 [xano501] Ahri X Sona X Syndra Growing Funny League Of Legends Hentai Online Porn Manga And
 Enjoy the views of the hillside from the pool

============================================================

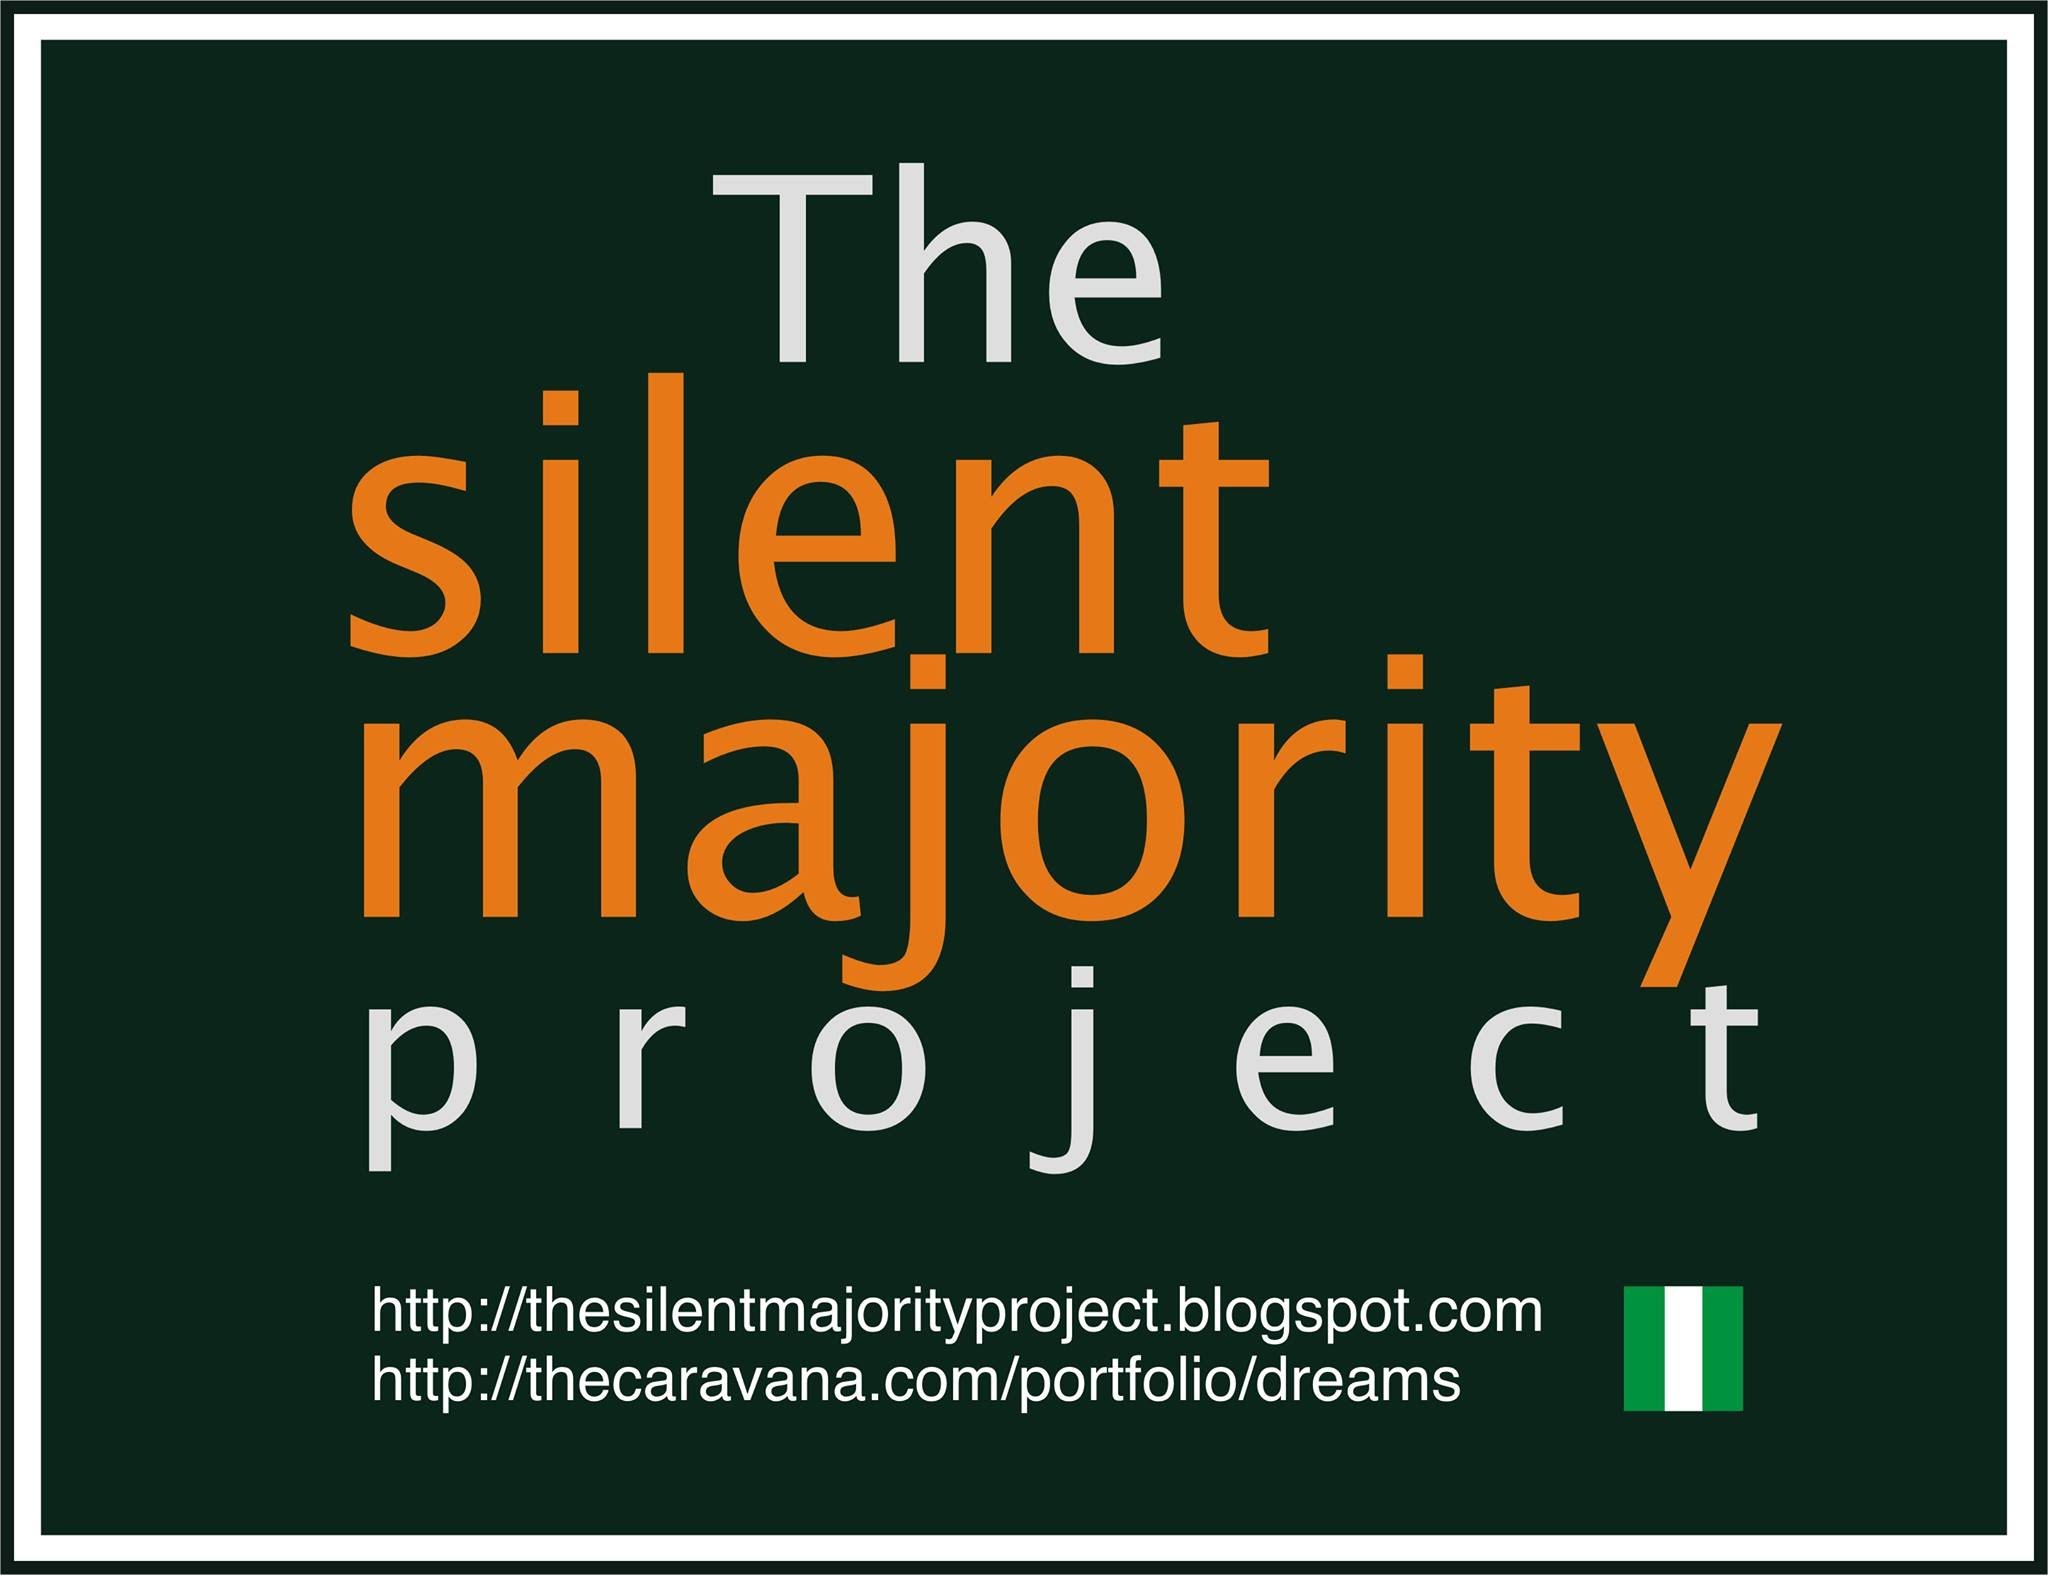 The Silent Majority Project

============================================================

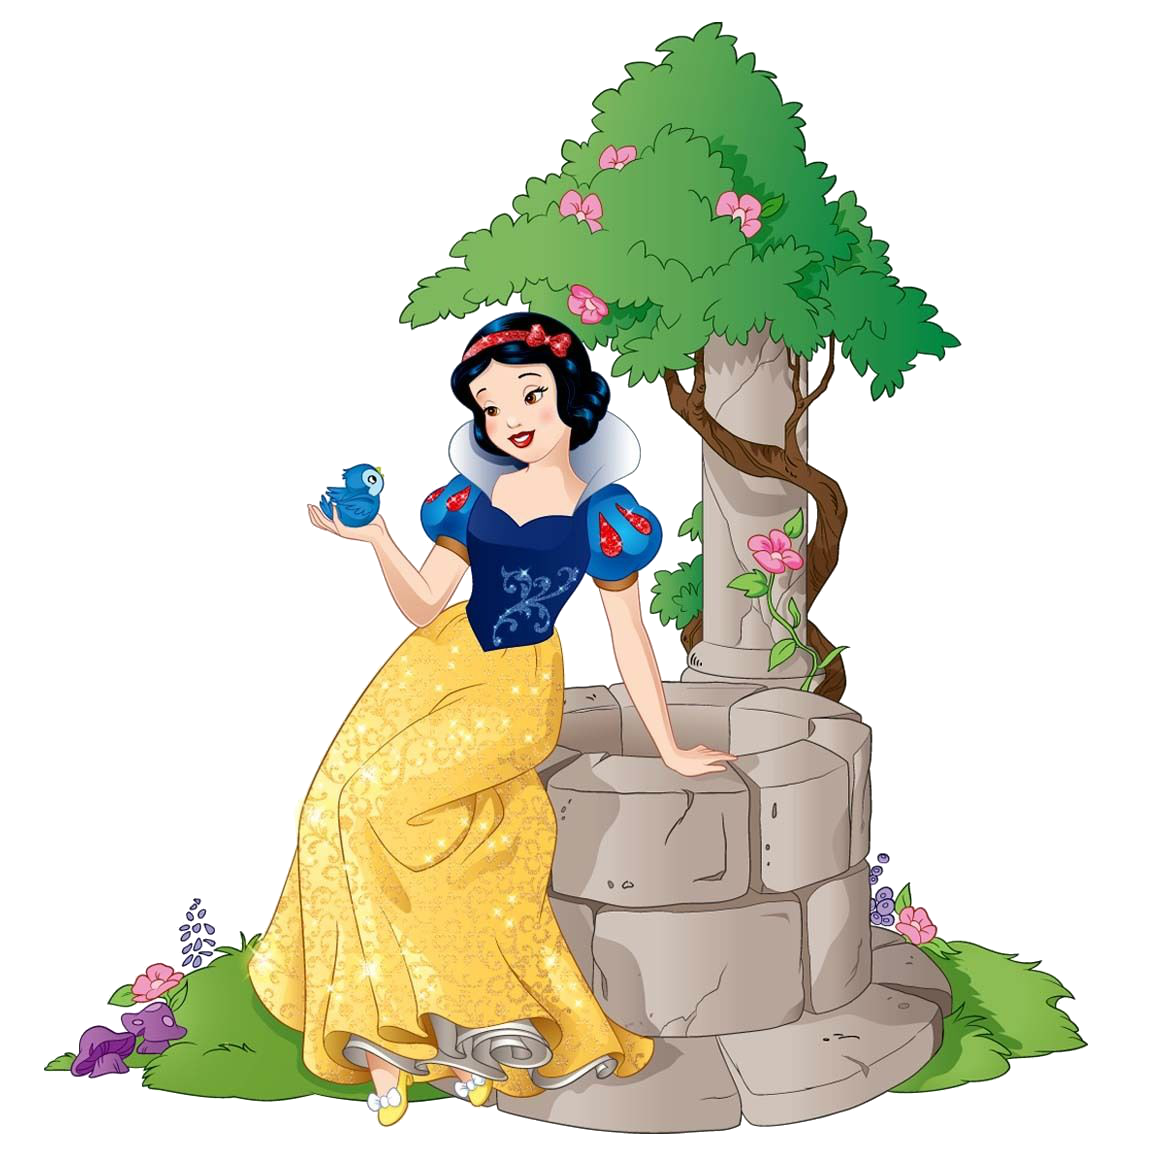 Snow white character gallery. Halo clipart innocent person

============================================================

Your task: The lines above from the one with "[xano501] Ahri X" through the one with "Enjoy the views" are to be duplicated exactly, ends included, with nothing added.

Your response:
 [xano501] Ahri X Sona X Syndra Growing Funny League Of Legends Hentai Online Porn Manga And
 Enjoy the views of the hillside from the pool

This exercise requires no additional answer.